When I place the bottles over my seedlings, if the surrounding ground is soft, I can push the bottles down into the soil an inch or two, which secures them from toppling or getting blown about in the wind. We have had some windy days, but I have only had a couple of bottles desert their posts. With the fence around the garden — which is really not fencing at all, but deer netting secured to stakes — none have blown away to liter my neighbors’ yards. When I covered the spinach seedlings, which had sprouted in place in their garden setting, I soon learned to loosen the soil surrounding them with my hand spade before attempting to secure the bottles over them.
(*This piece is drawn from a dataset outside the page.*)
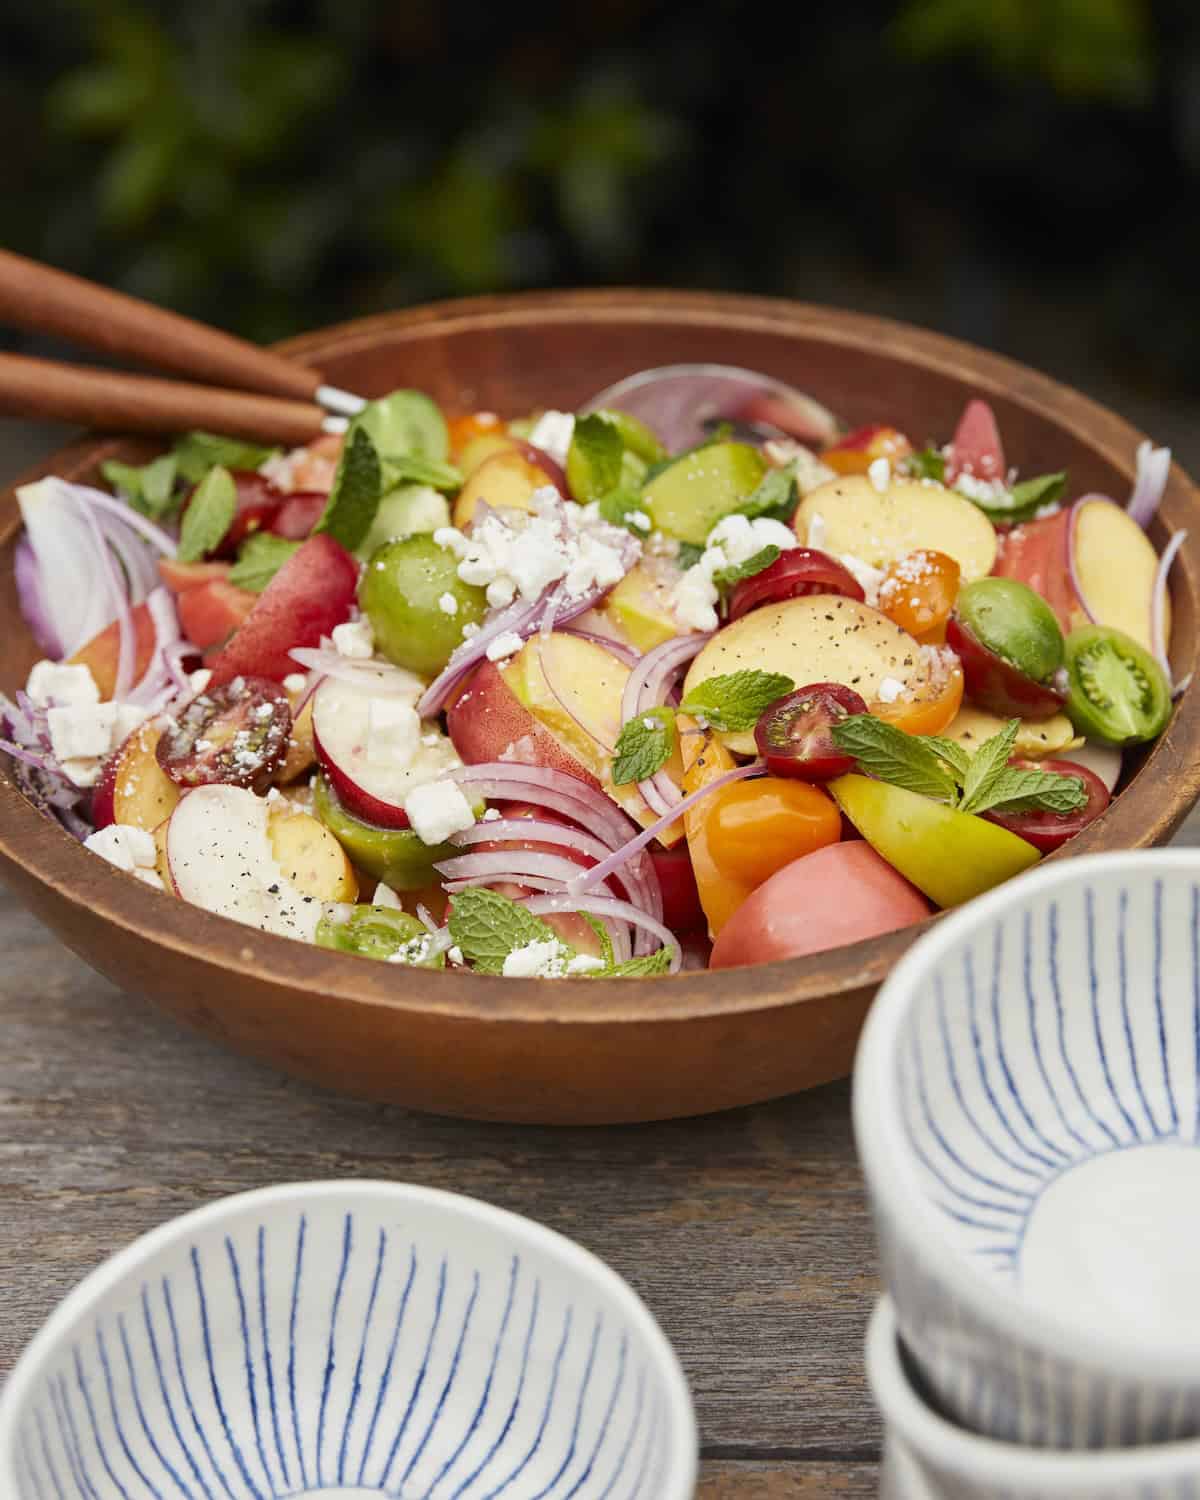 A wooden salad bowl with a stone fruit salad, salad servers and a few bowls on the side for serving.

Otherwise, the flimsy plastic of the bottles curls under and the cloches don’t stay in place.
One of the reasons I really like the cloches is that I can pile up the mulch fairly thickly around the plants and close to each individual plant without smothering the seedlings underneath. As the mulch settles into place and weathers down after steady rains, it forms a nice ring around the plants without actually touching the stems. My regular readers may recall that I have been fighting unusually high pH levels in my soil — it measured above 7.5 when we first turned over the soil in March — and after an initial application of aluminum sulfate that brought the pH down to just under 7.0, I have been attempting to maintain and perhaps lower that a bit more with pine needle mulch, graciously provided by my next-door neighbors. The cloches help prevent the needles from actually touching the seedlings, thus avoiding any possible burning from their high acid content.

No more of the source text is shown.